The client must aggregate the results from the disparate sources
and try to rank them correctly.
[0010] In effect, P2P query processing is distinct from that of
traditional search engines in that P2P query processing is a
two-step process. The independent servers first generate responses
to a query and then the clients must make sense of the responsive
results. In contrast, in traditional IR systems, all data are
centralized at a single site allowing a comprehensive search. This
allows the creation of an integrated result set based on the global
data set. Centralized servers can also perform optimizations, such
as ranking results based on previous user selections.
[0011] Much of today's work in P2P searching focuses on identifying
highly reliable peers and giving them specialized roles in
statistics maintenance, indexing, and routing. Much of the known
P2P improvement work proposes a focus on the architecture of P2P
file sharing systems to improve searching by identifying highly
reliable peers, and giving them specialized roles in statistics
maintenance, indexing, and routing. The performance of such systems
can be impressive; however, the application domain is different
than the one presently considered. The present invention makes no
assumptions about the relative capabilities of the peers, and so is
likewise applicable to ad hoc environments, where functionality is
fully distributed among all participants.
SUMMARY OF THE INVENTION
[0012] Known P2P file sharing search accuracy is poor; thus, there
exists a need for its improvement. The method of the present
invention has been found experimentally to increase search accuracy
by up to 40% over known P2P searching approaches. An embodiment of
the present invention also provides a lower degree improved search
accuracy with decreased cost as compared to not employing the
invention.
[0013] It is noted that within other fields of traditional
information management, such as Information Retrieval (IR),
discussed above, and Database Management Systems (DBMS), various
schemes are used for refining searches. However, the techniques
known in these fields are not considered analogous, applicable
and/or transferable to the field of known P2P file sharing systems.

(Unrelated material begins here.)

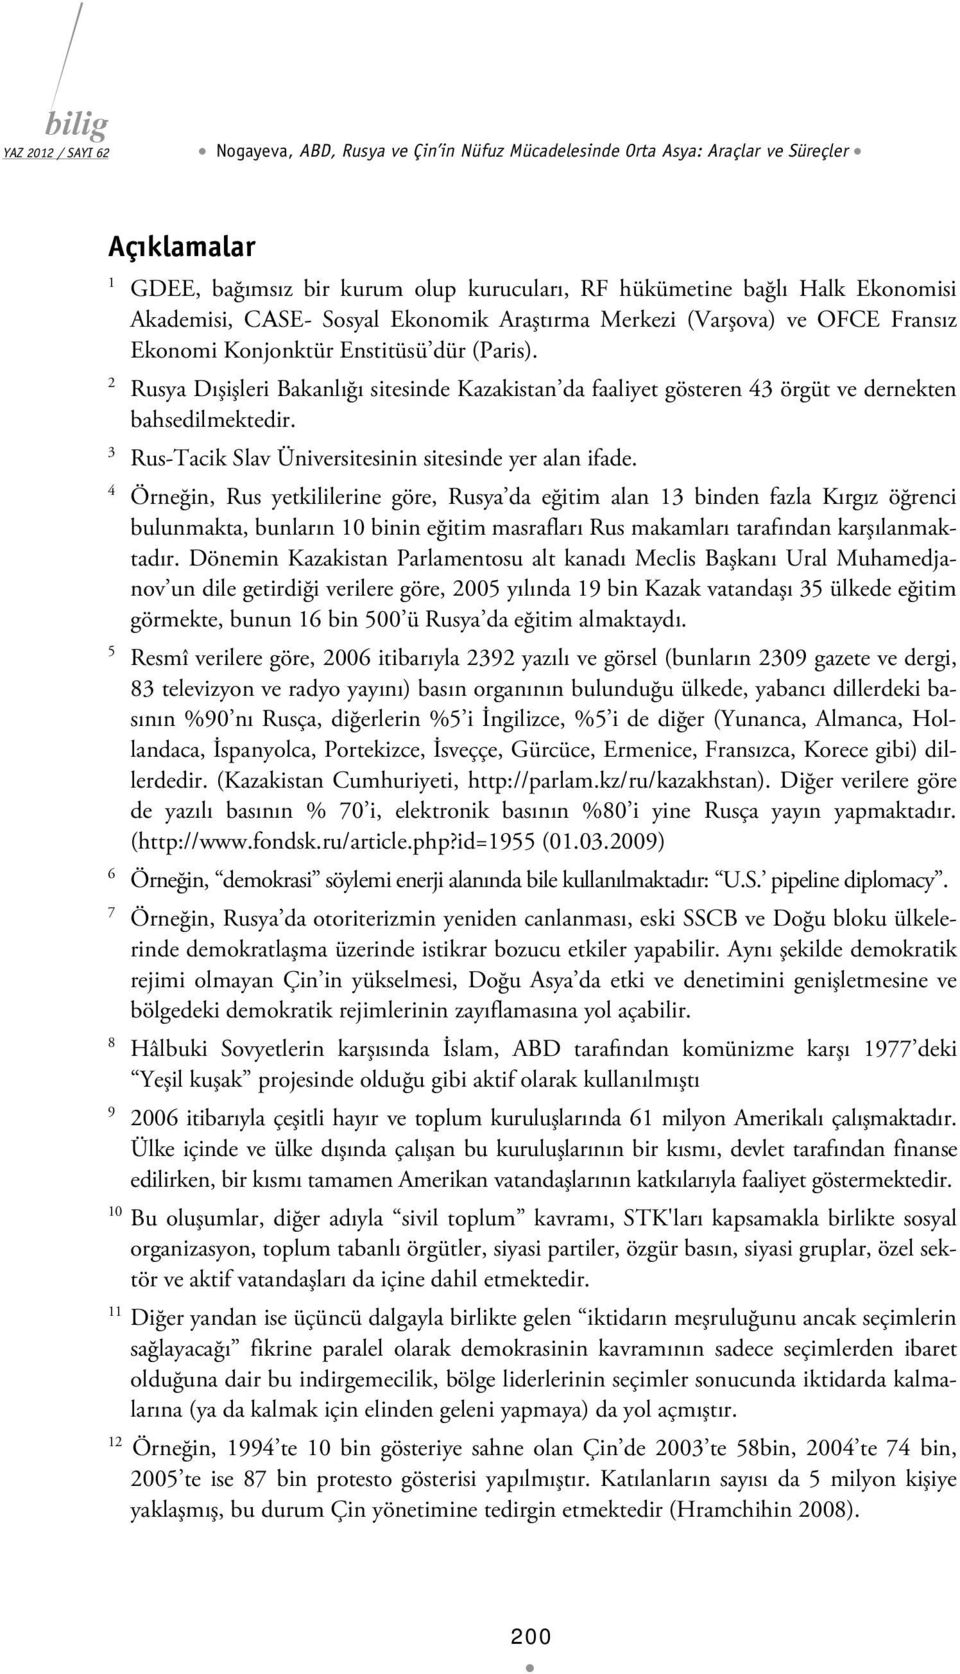 2 Rusya Dışişleri Bakanlığı sitesinde Kazakistan da faaliyet gösteren 43 örgüt ve dernekten bahsedilmektedir. 3 Rus-Tacik Slav Üniversitesinin sitesinde yer alan ifade.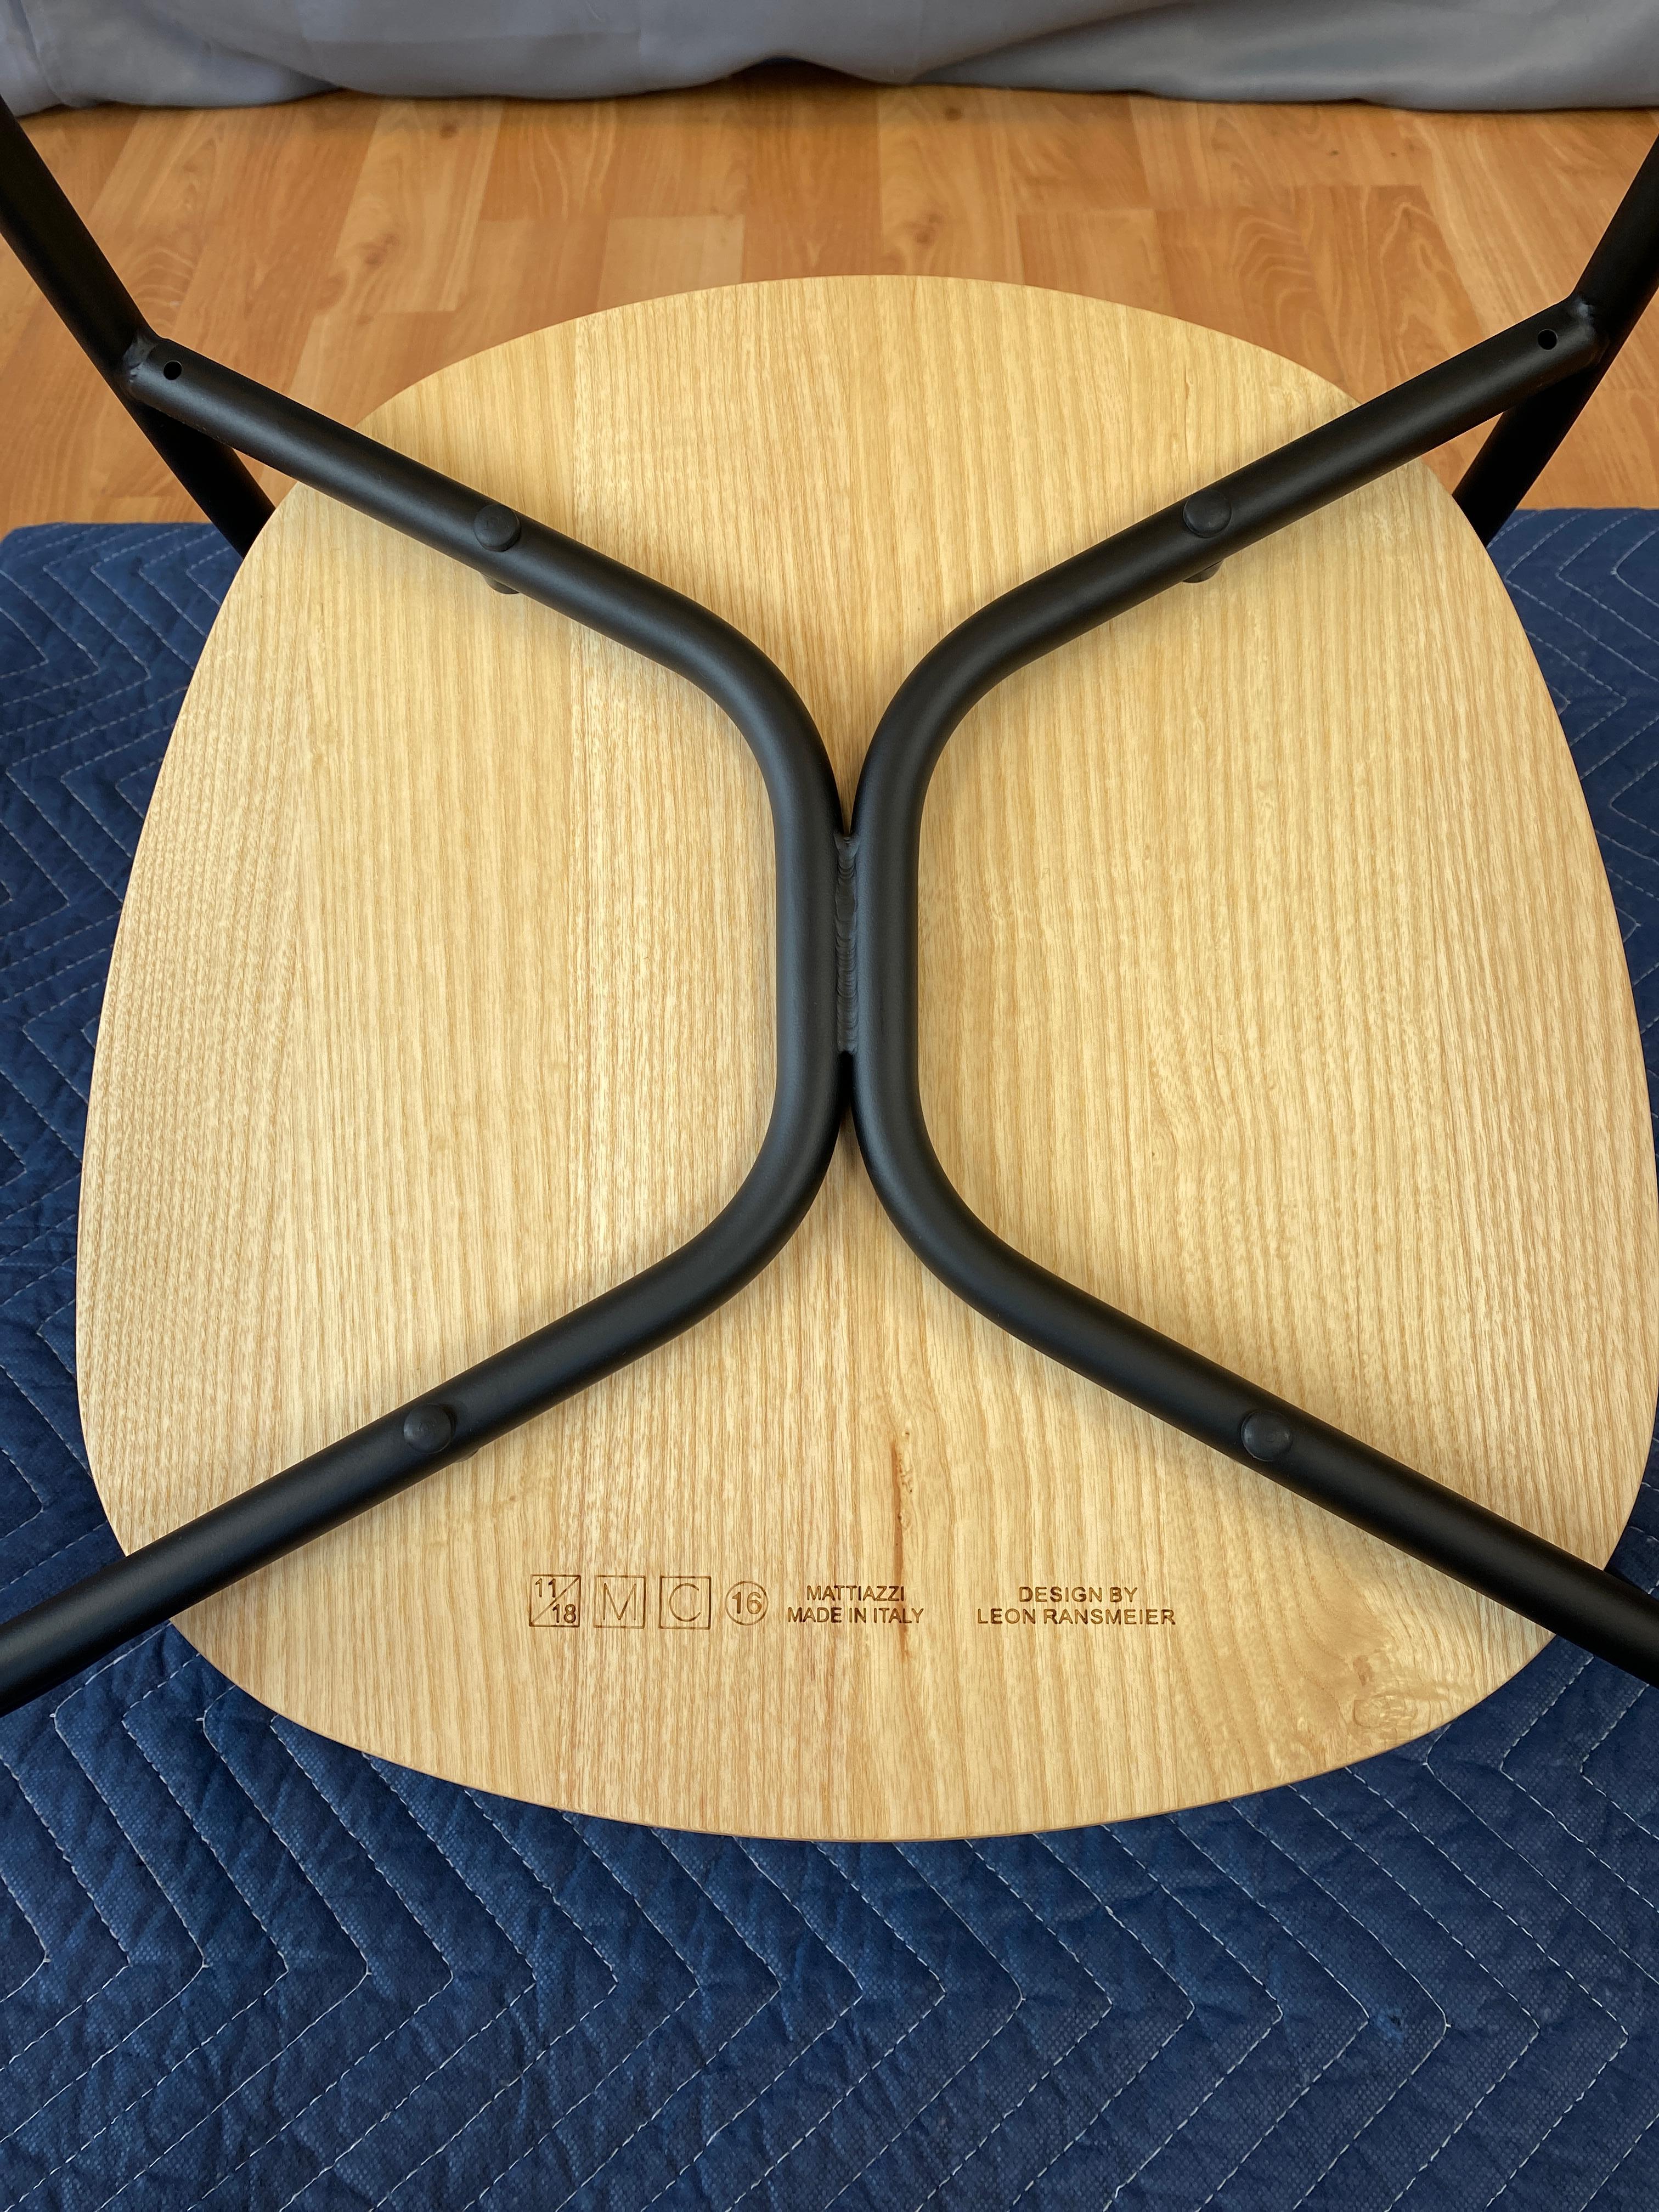 Leon Ransmeier Designed Forcina Chair for Mattiazzi 2

In DBMS, query results are, by definition, completely accurate.
That is, all correct answers are returned, namely 100% recall, and
all returned answers are correct, namely 100% precision. In DBMS
searching, any query refinement is defined in terms of query
optimization for timing performance, not accuracy of results. Thus,
DBMS querying is unrelated to the present invention.
[0014] The general object of the invention can be attained, at
least in part, through a method for implementing a search in a
peer-to-peer (P2P) file sharing system. The method includes masking
(i.e., removing) at least one term in a query (i.e., a multi-term
query) entered into a client computer of the P2P system to obtain a
masked query, searching a plurality of server computers of the P2P
system using the masked query, and returning search results to the
client computer. The search results are presented to the user in a
human perceivable form through the client computer.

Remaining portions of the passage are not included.